__EXERCISE GOAL__: When you reach the line containing "ナチュラル パーマ 透明感", begin reproducing the material exactly, stop after the line containing "Una Ilustración En", and leave out any pictures along the way.

__DATA FOR THE TASK__:
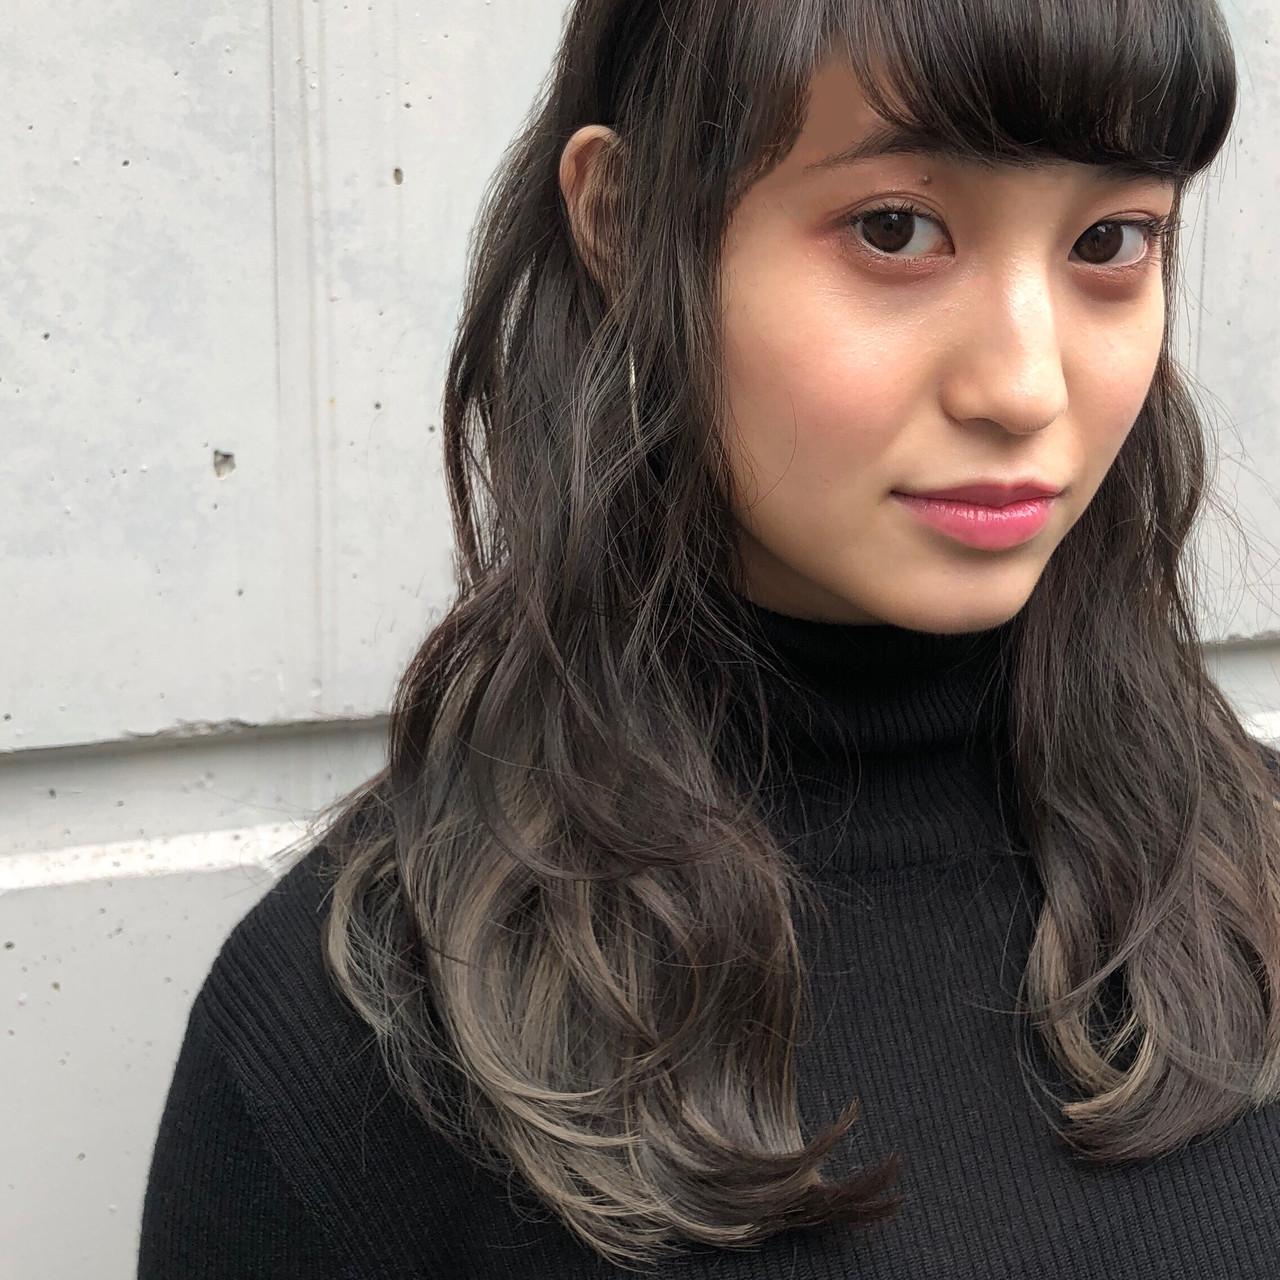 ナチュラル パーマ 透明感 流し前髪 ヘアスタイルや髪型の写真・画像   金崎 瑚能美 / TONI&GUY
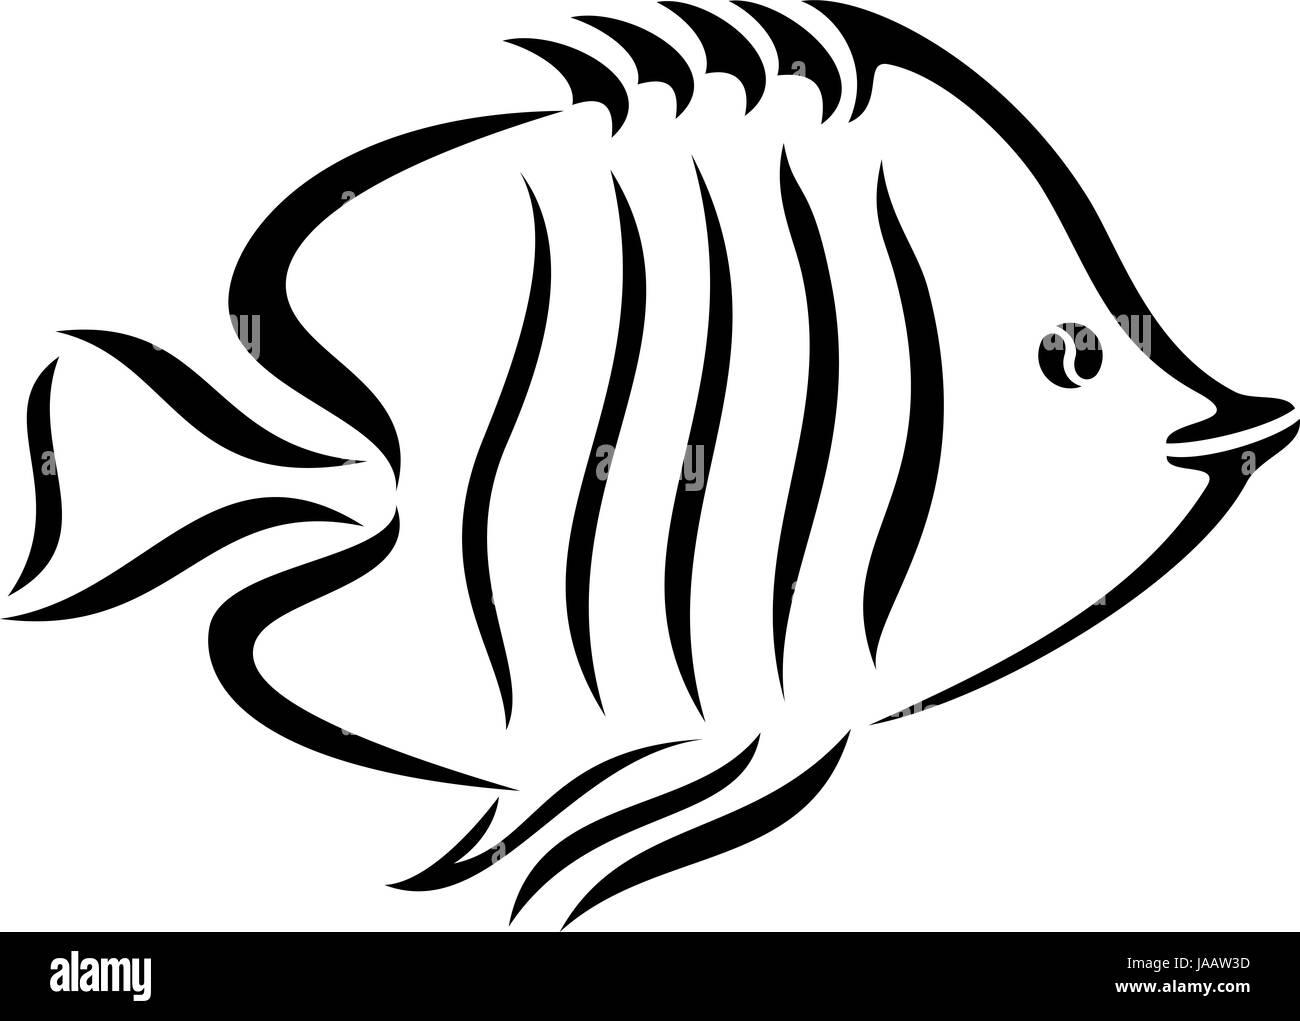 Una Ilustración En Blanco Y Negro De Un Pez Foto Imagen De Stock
--
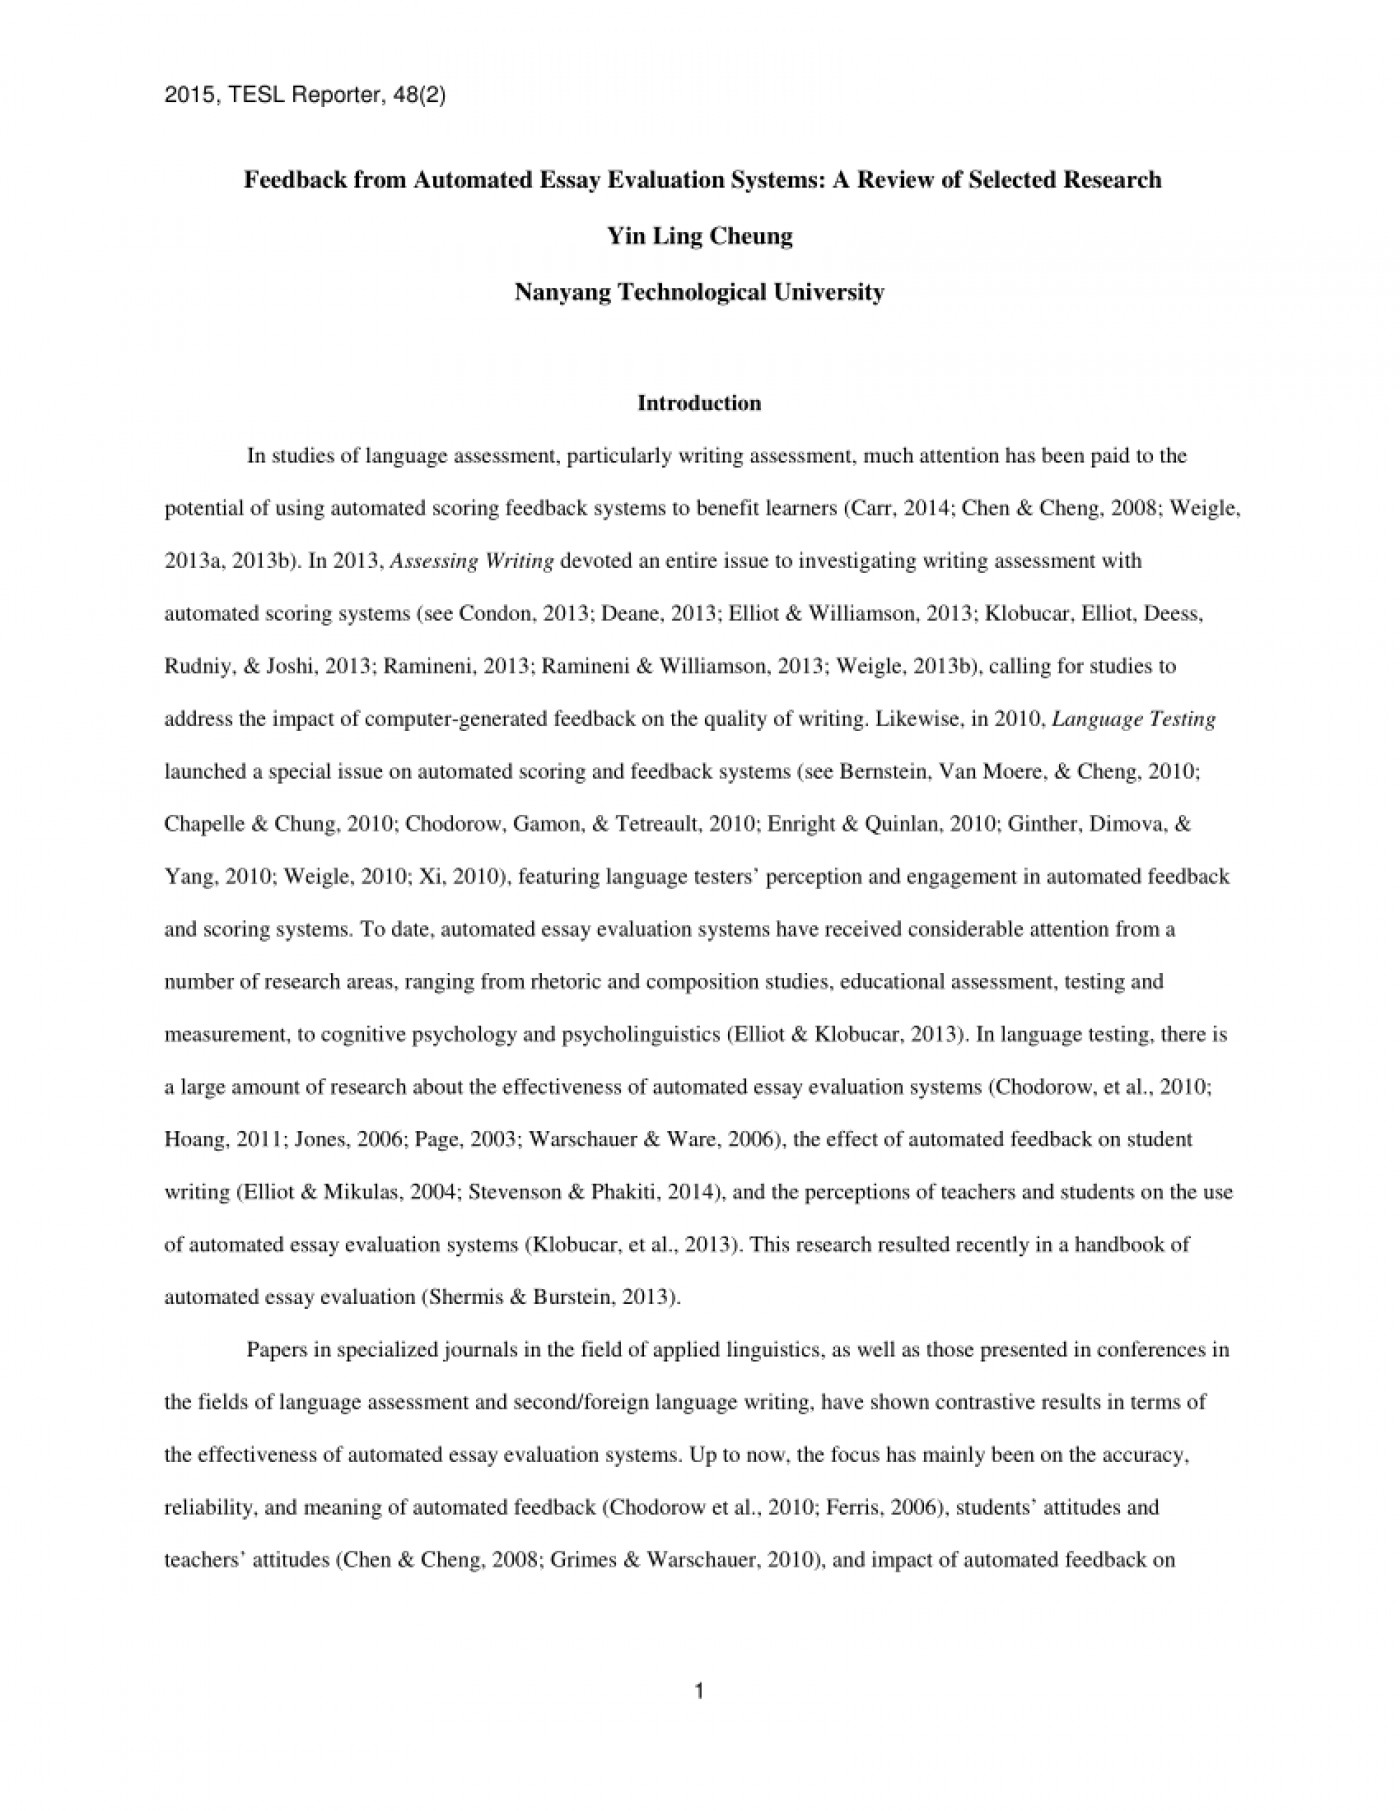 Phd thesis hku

__OUTPUT FOR THIS EXERCISE__:
 ナチュラル パーマ 透明感 流し前髪 ヘアスタイルや髪型の写真・画像   金崎 瑚能美 / TONI&GUY
 Una Ilustración En Blanco Y Negro De Un Pez Foto Imagen De Stock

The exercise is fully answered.